Some activists say privately that the violence at those events has deterred some activists from going out into the streets. And though many protesters on the left say they fear a return to office for Trump, many do not see themselves as aligned with the Democratic Party. Their main goal is changing policy, not electing a president.
Even so, many say a Trump presidency could put all of their goals at extreme risk, starting with the right to protest.
The Biden administration’s stance on the war between Israel and Hamas, which is fueling much of the anger among activists, is much closer to the protesters’ than Trump’s, who has endorsed Israeli control of contested lands and urged Israel to “get the job done” in Gaza.

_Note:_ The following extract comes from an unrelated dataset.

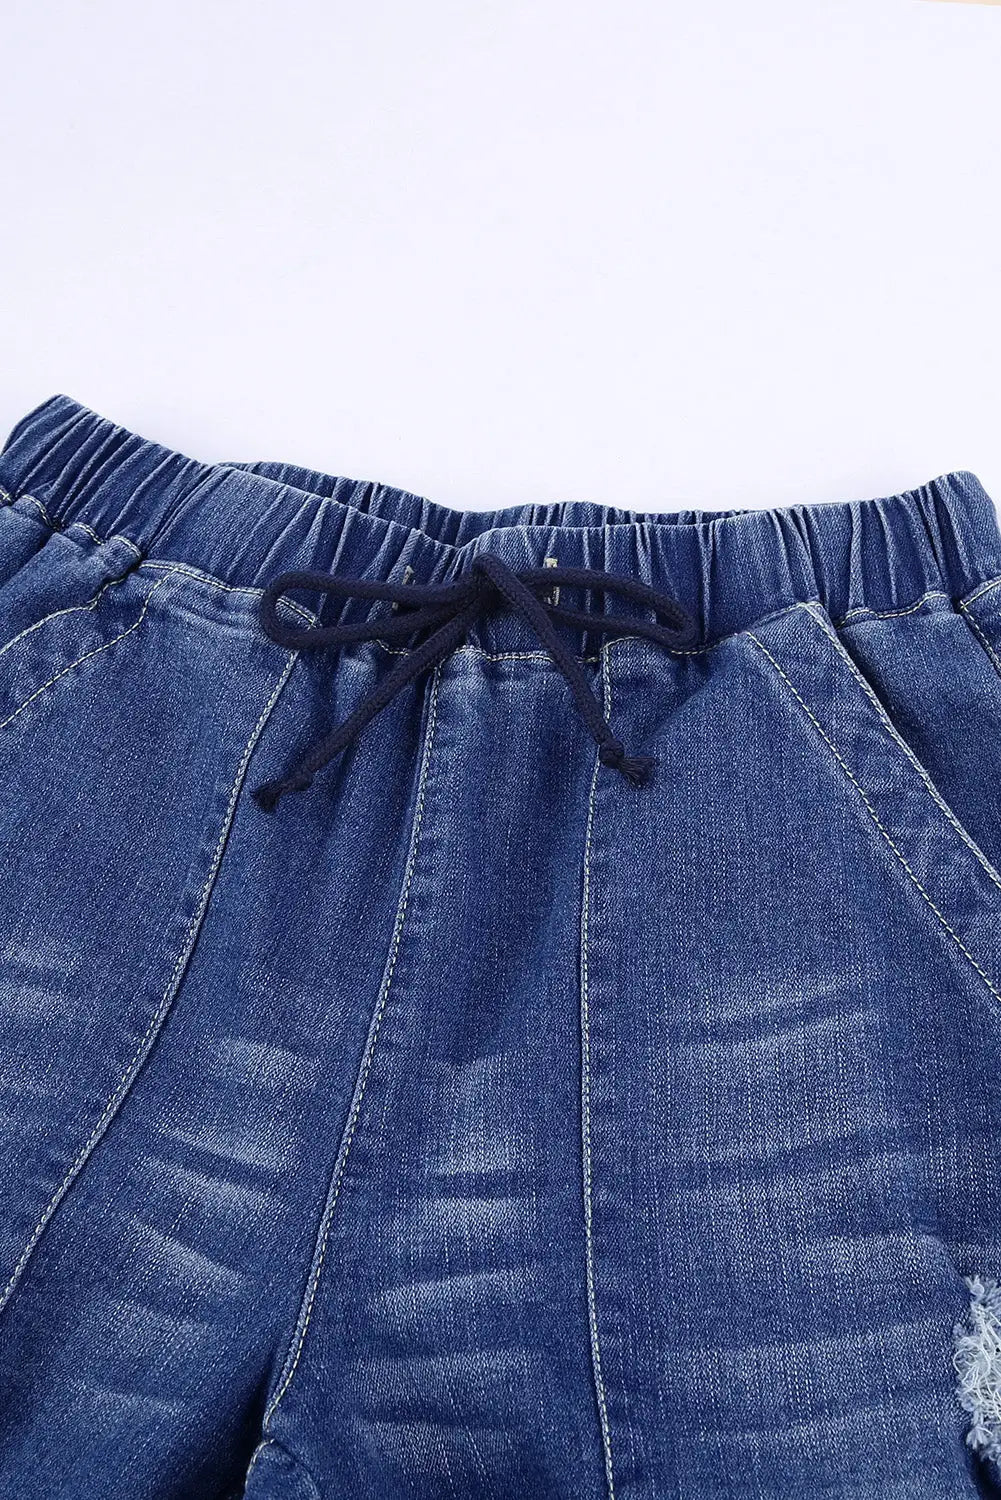 Black pocketed distressed denim jean - bottoms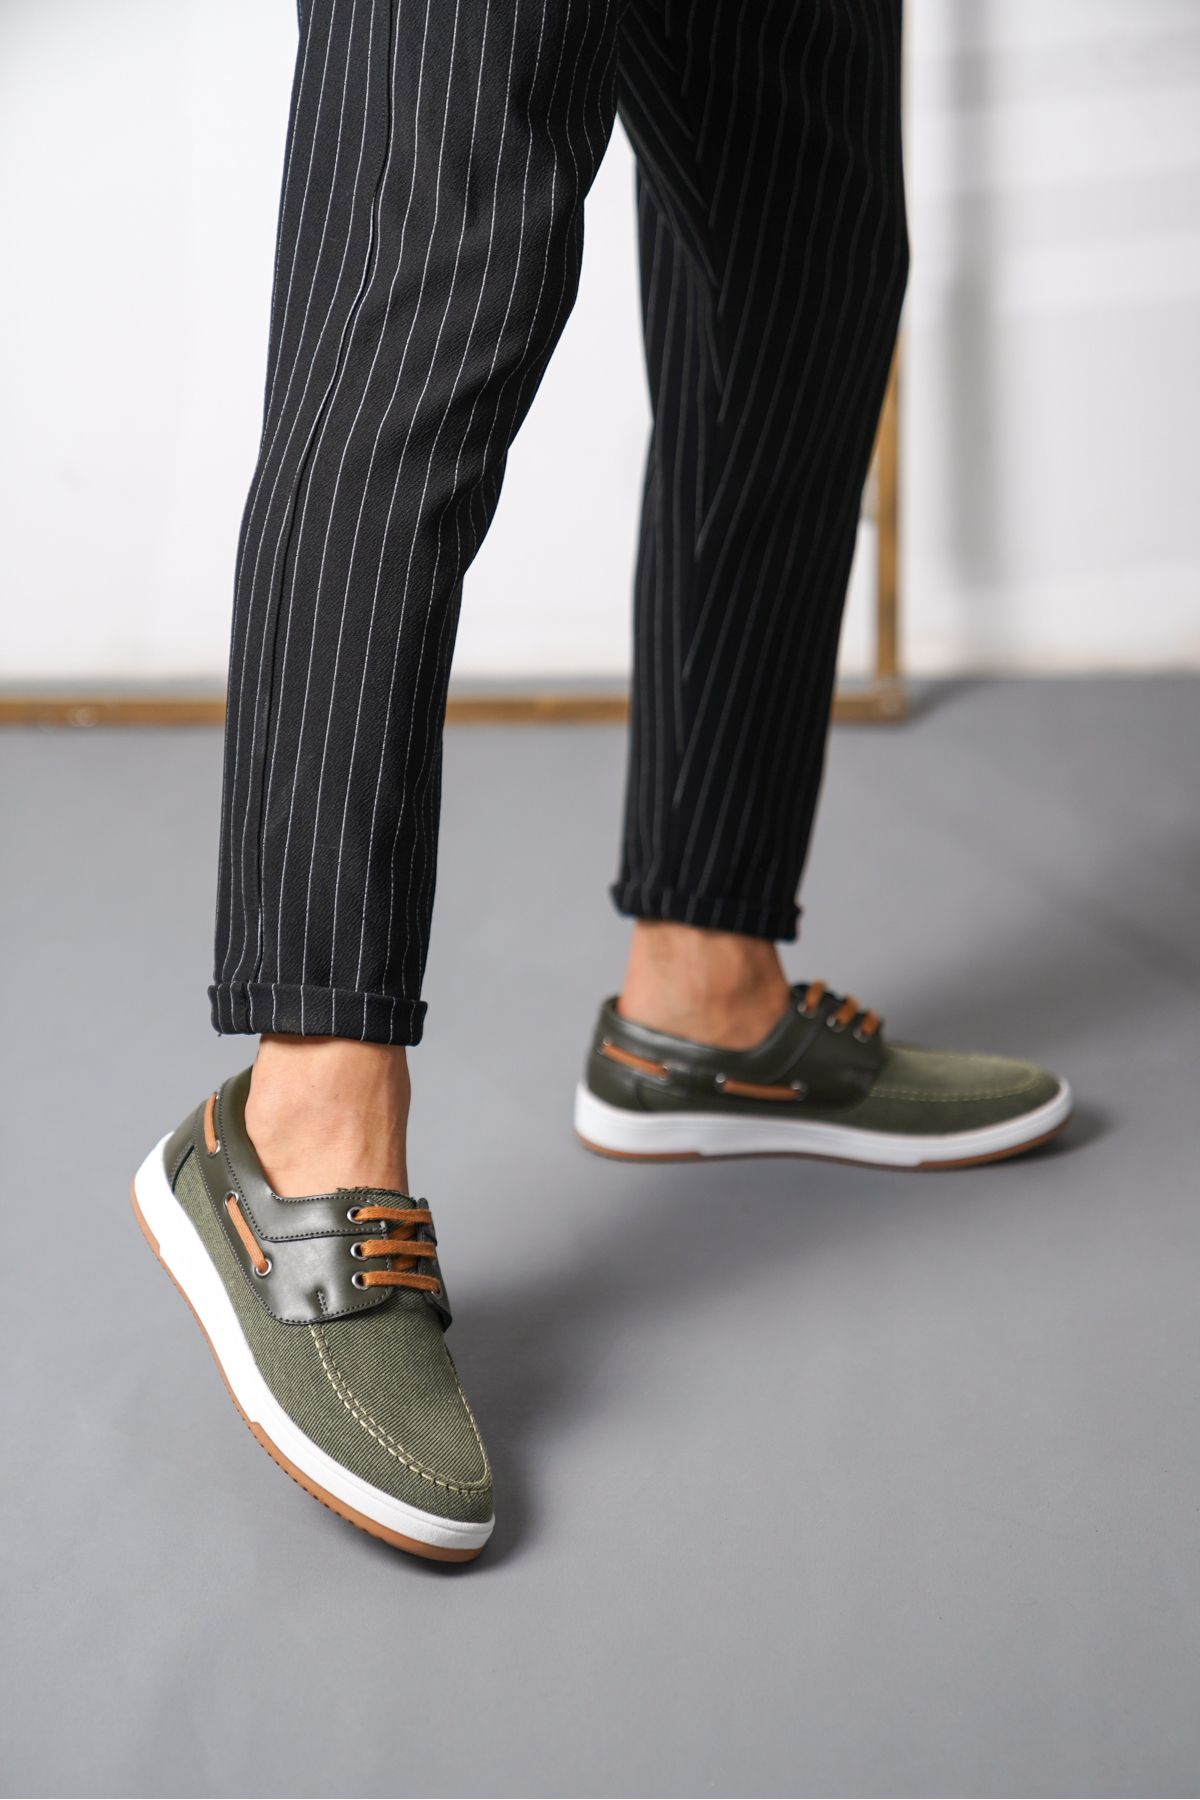 Daxtors Tokyo Günlük Ortopedik Terletmez Keten   Erkek Klasik Ayakkabı

“At some point, you have this bubbling up. I don’t believe the protesters are saying, ‘We are protesting Biden because we want Trump.’ They already know what Trump is,” said the Rev. William Barber II, one of the nation’s leading civil rights and anti-poverty activists who directs the Center for Public Theology and Public Policy at Yale University.
When Trump arrived in Newport Beach on June 8, Orange County Democrats were too busy getting out the vote for down-ballot races to worry about the top of the ticket, said Ada Briceño, chair of the county party. Volunteers were knocking on doors, touting Dave Min for Congress and attending an ice cream social for Tammy Kim’s mayoral campaign in Irvine.
Susan Hildreth, president of the Democrats of Rossmoor in the Bay Area, said her volunteers have also kept busy writing postcards and door-knocking for Central Valley congressional candidates such as Rudy Salas. Her group is mostly composed of people over 55 who are less inclined to participate in protests, she said.
“We’re ardently, ardently anti-Trump,” said Hildreth, 72. The lack of Trump critics taking to the streets “may have more to do with the general age of this group than anything else. It doesn’t mean that we don’t care!”
Still, the California Democrats hadn’t entirely neglected Trump. A couple of antagonists made their way into the Newport Beach MAGA crowd along the motorcade, crying “Happy Pride!” and eliciting some heckles. An “Orange County votes Biden/Harris 2024” banner trailed behind an airplane.
In San Francisco, an inflatable Trump-like chicken decked in black-and-white prison stripes was ferried around the bay on a boat labeled “Alcatraz Prison Transport.”
Armand Domalewski, a 34-year-old data analyst, pulled together a group of about 50 people to stand across a San Francisco street from hordes of Trump supporters, who he said occasionally crossed over to taunt his side.
“There’s just an odd asymmetry between the parties,” Domalewski said, noting that Democrats, as well as Republicans, have been protesting against Democrats. That reality “makes it really hard, because that’s both sides protesting us.”
Though he’s attended many protests, last week was the first time Domalewski had coordinated one himself — because no one else did, he said. The Trump supporters were evidently more organized. Vocal too. Some, anticipating Trump’s birthday, sang “Happy Birthday.” (He turned 78 Friday.)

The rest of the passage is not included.